When my son was finally released from the hospital, they told me a nurse would be visiting my home. I was not asked if I wanted this service. I was given no reason why this nurse would be checking on me. This was not standard practice, and again, my child was not ill. He received no medical intervention in the NICU, I received no special instructions for his care, and he was on no medication. The visiting nurse came twice and offered the only validation regarding my efforts to breastfeed. She weighed him on a portable scale and smiled. He was gaining weight.

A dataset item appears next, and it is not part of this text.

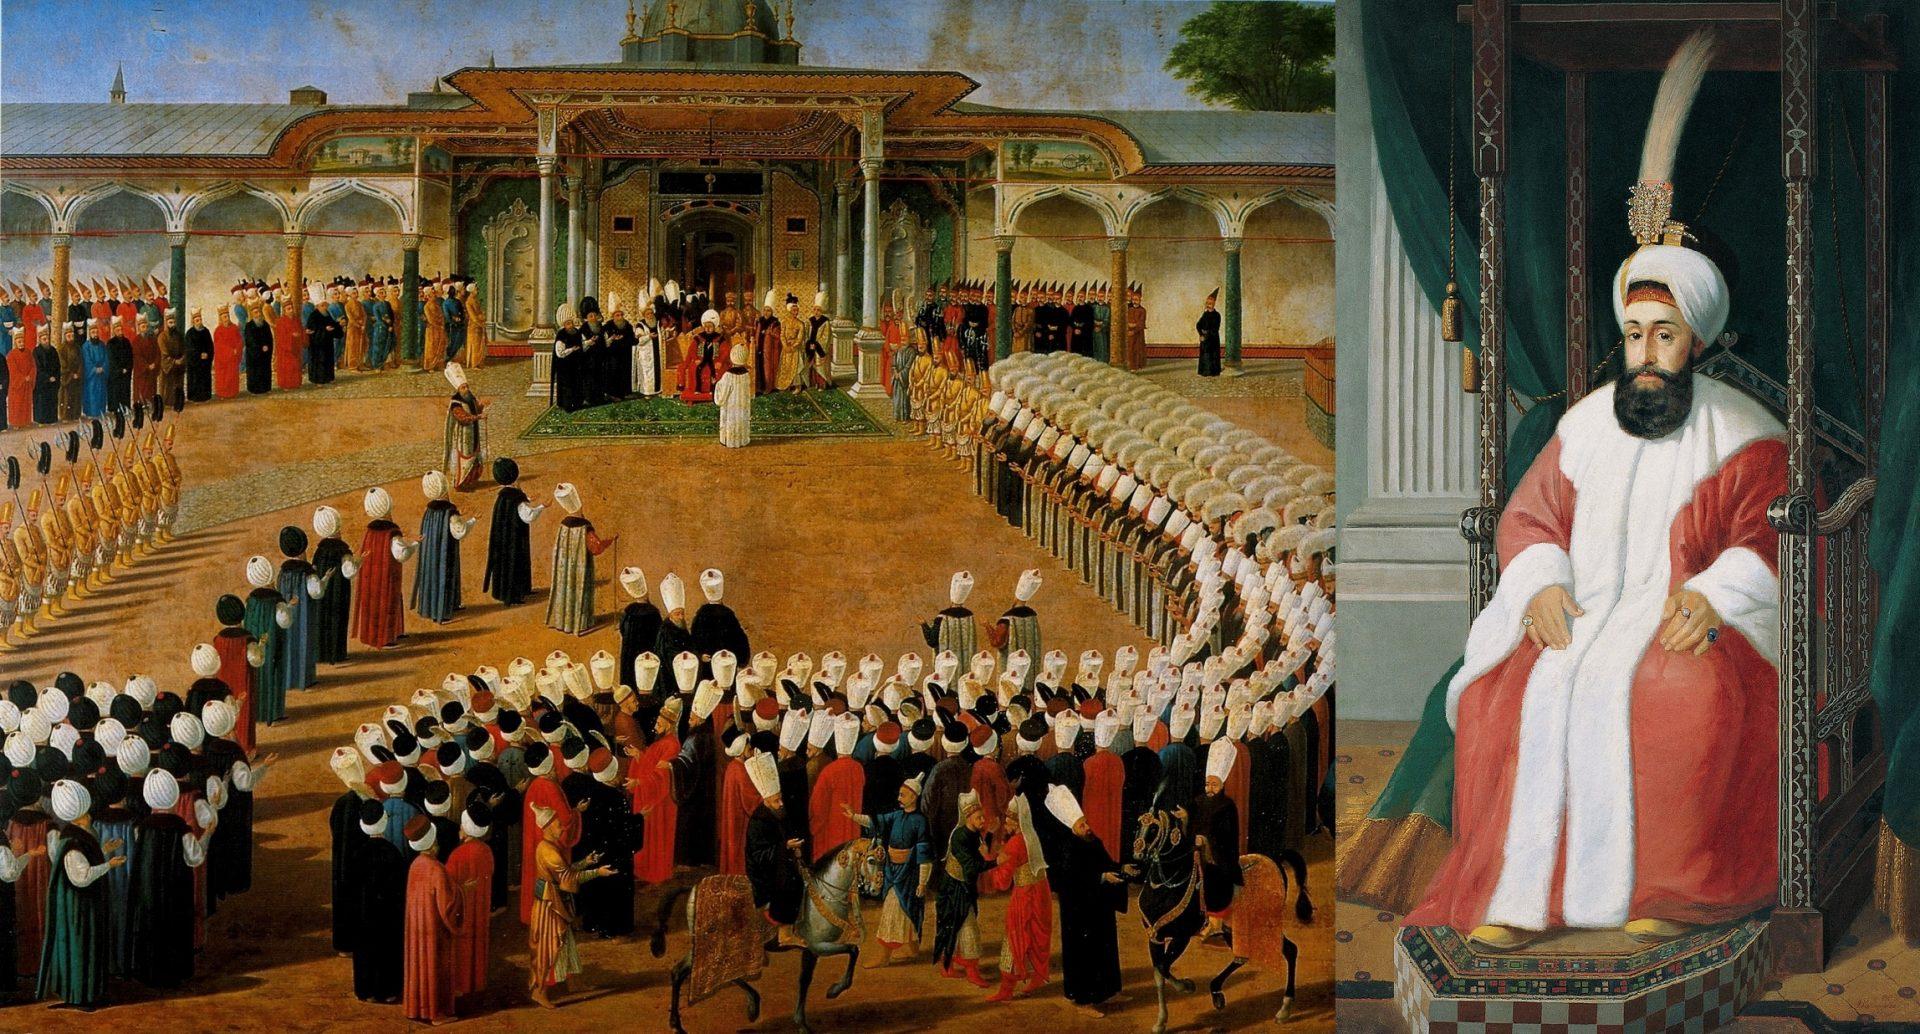 Sultan 3. Selim Nizam ı Cedit'in Tarifi Ve Planı Osmanlı Padişahı İslam Halifesi

Today, I am a sociology professor of family, race, and ethnicity. I know the statistics all too well. Middle-income mothers who are 30 and older are far more likely to breastfeed their children than their younger and poorer counterparts. I mothered two newborns at very different times in my life, so I experienced firsthand the intricate factors that go into creating this disparity. I didn’t have the resources to invest in the many gadgets designed to make breastfeeding easier. Seventeen years ago, medical insurance companies were not required to cover the cost of breast pumps for new parents. (We have Obamacare to thank for that changing.)

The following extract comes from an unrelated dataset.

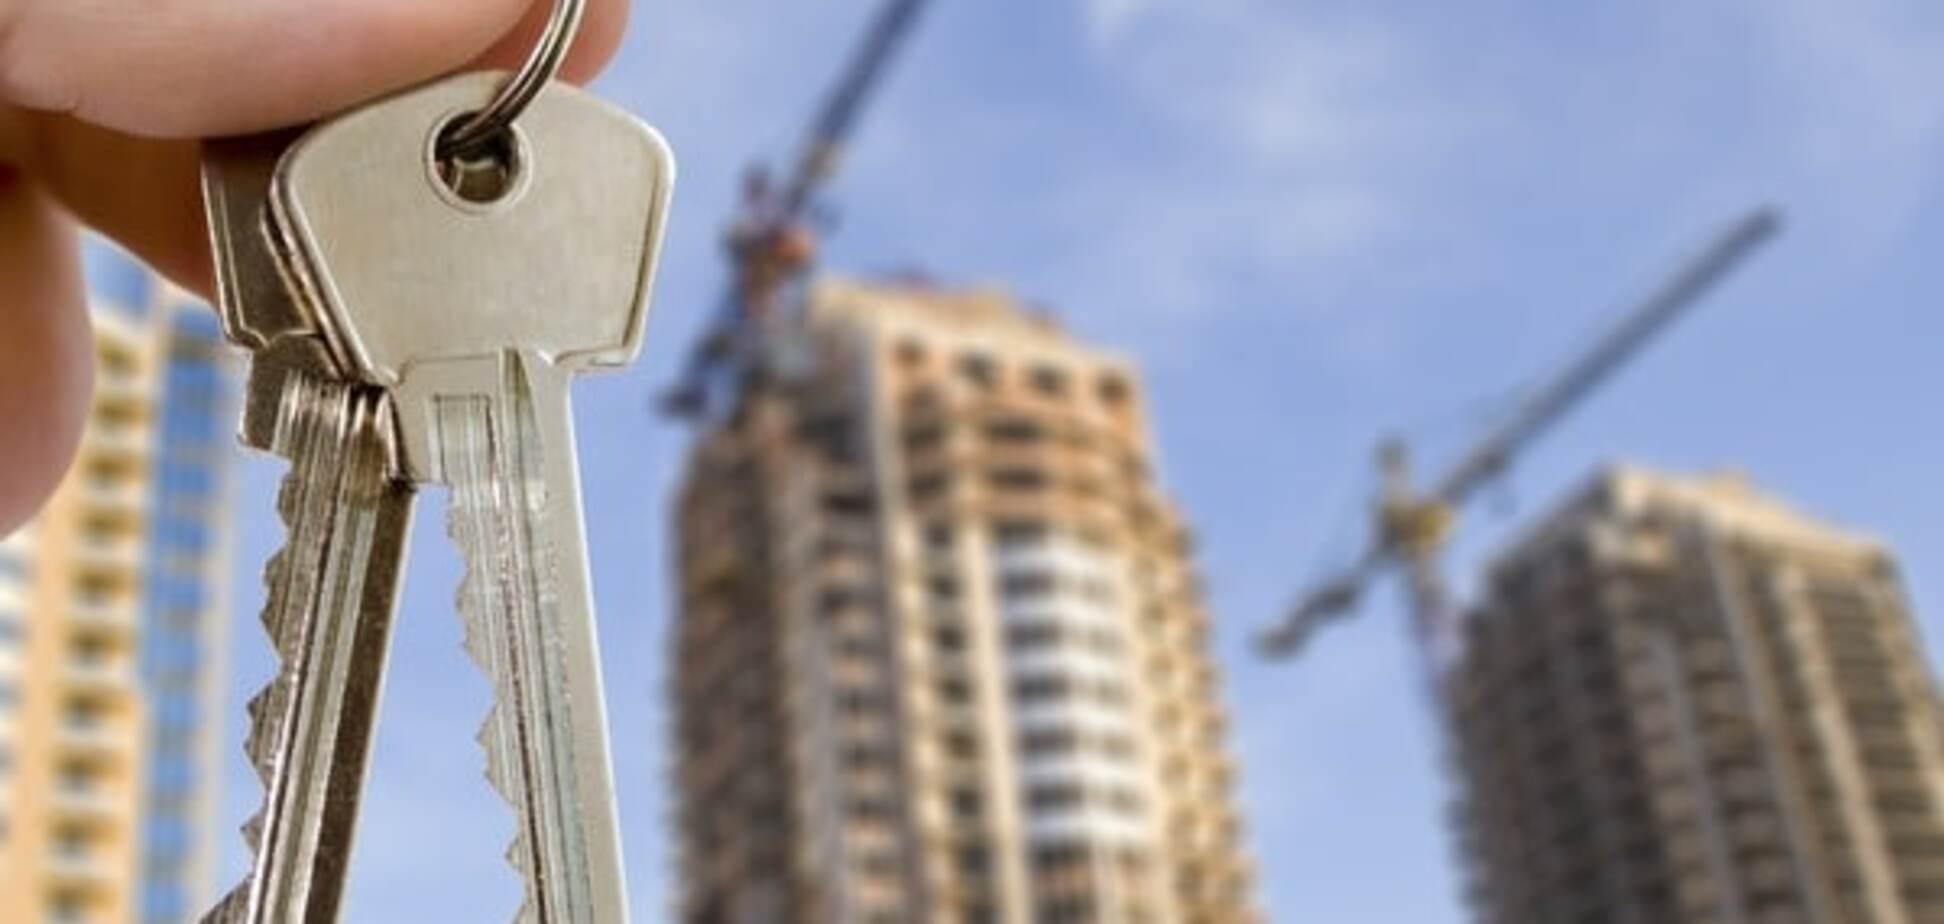 Борщагівка або Вишгород: де вигідніше купувати квартиру

But this inequality is the result of more than financial resources. As a poor, brown, single parent, I was not treated like a mother. I was not respected as the person who knew what was right for my child. Medical professionals treated me like someone who needed vetting. No one encouraged me to breastfeed because no one wanted to facilitate my parenting until I had been vetted. That’s not about financial resources. That’s racism.

I’ve spent many years thinking about what the red flag in my file might have said. Was it an actual red flag, or were people just reading my young brown body in a particular way? Something about me signaled I was not competent. If my experience indicates what poor women of color experience in childbirth, then our society needs to take more ownership for the inequalities that exist between poor children of color and their white middle-class counterparts.

My two children couldn’t be raised under more different circumstances. My daughter will have far more opportunities than I was ever able to offer my son. Their drastically different starts in life will continue to influence them into adulthood. Neither of my children will be spared the effects of racism, but moving up the socioeconomic ladder has already made things easier for my second.

The more health practitioners become obsessed with the benefits of breastfeeding for babies, the more attention they devote to class inequality and its impact on parents’ breastfeeding choices. But until we start owning the impact that racism has on the medical care that people of color receive, I doubt we will get very far.